Не дойдя до третьего этажа, Ванзаров уже знал, чего ожидать в приемном отделении сыска. Когда же распахнул дверь, мощь никарагуанской сигарильи ударила штормовой волной. Француз, пожалуй, упал бы в обморок или сбежал, решив, что в России изобрели изощренную пытку ароматами. Ванзаров бровью не повел. Войдя в ядовитое облако, неспешно скинул на вешалку пальто с шапкой, прошел к дальнему окну, дернул так, что бумажные полоски, оклеенные на зиму, отлетели с треском, и впустил морозный воздух.

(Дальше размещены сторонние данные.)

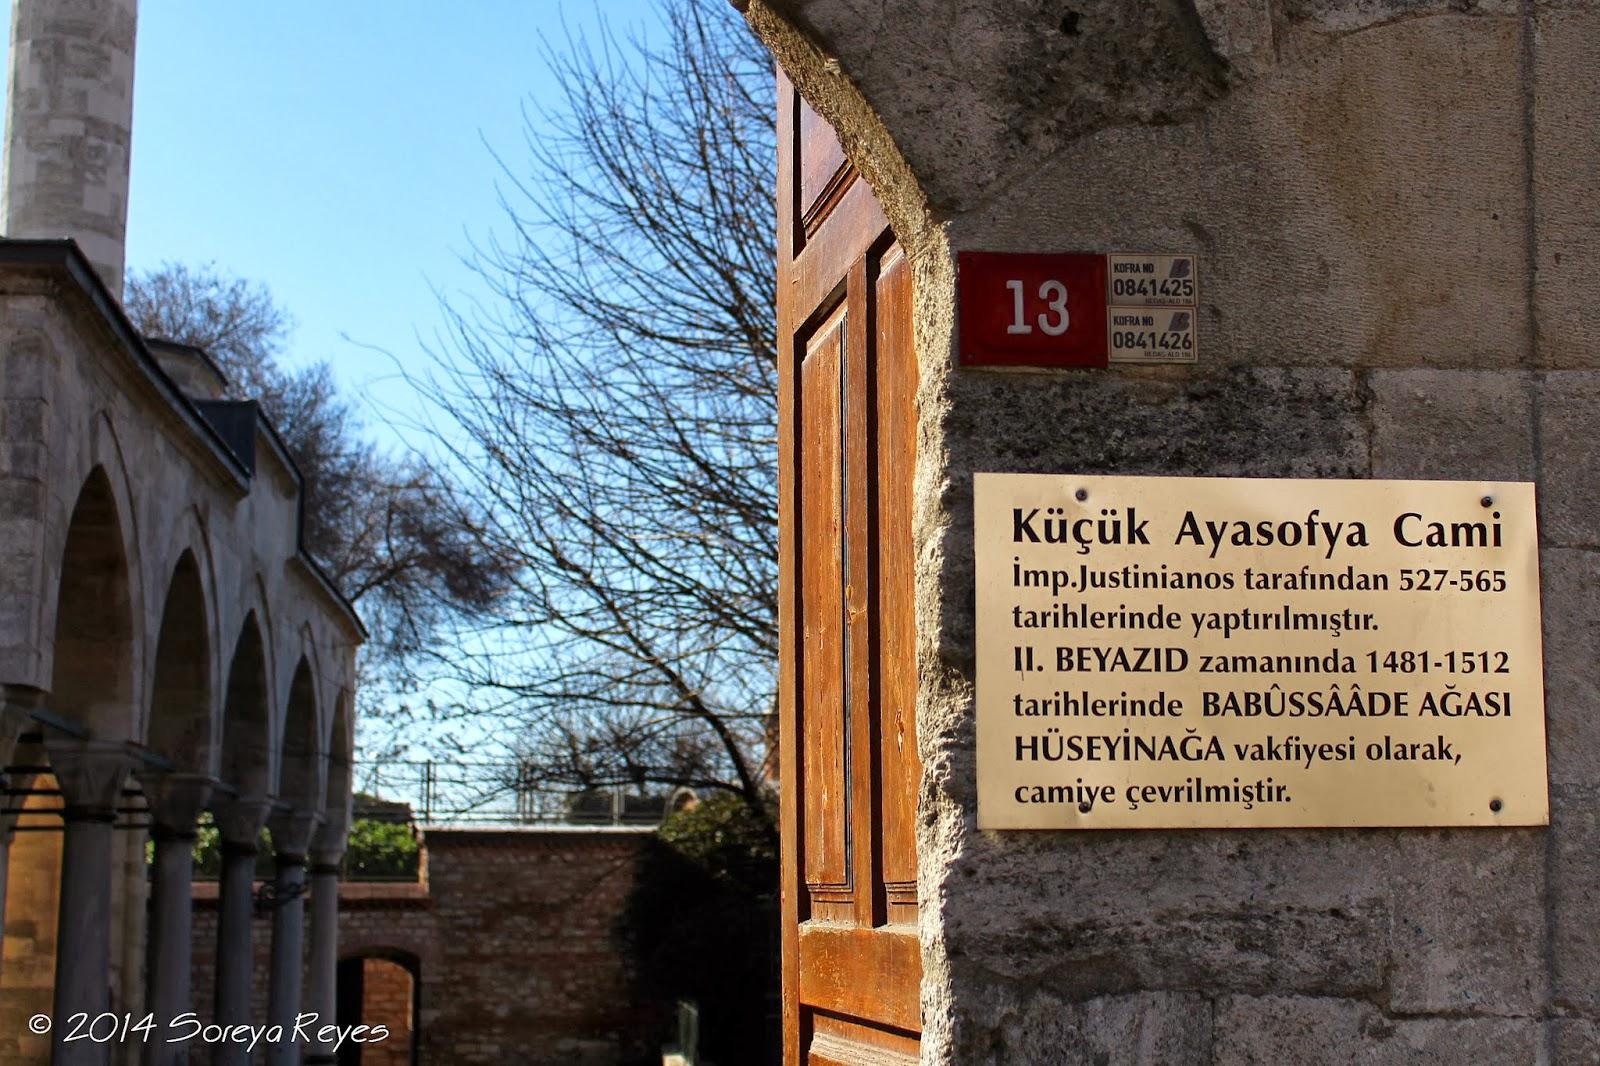 Photo Trek Istanbul: Little Hagia Sophia - Küçük Ayasofya ...

– Душно что-то, – сказал он буднично, будто ничего не заметил. – Давно ждете?
Лебедев восседал на стуле чиновника Илюхина, закинув ботинки на стол чиновника Илюхина на американский манер. Являя собой образ мести разума за глупость всех чиновников сразу. Ну и наслаждался мелкой местью: еще неделю в сыске будет вонять как в цирковых конюшнях. Ванзарова ничем не прошибешь, он привык, а прочие пусть помучаются.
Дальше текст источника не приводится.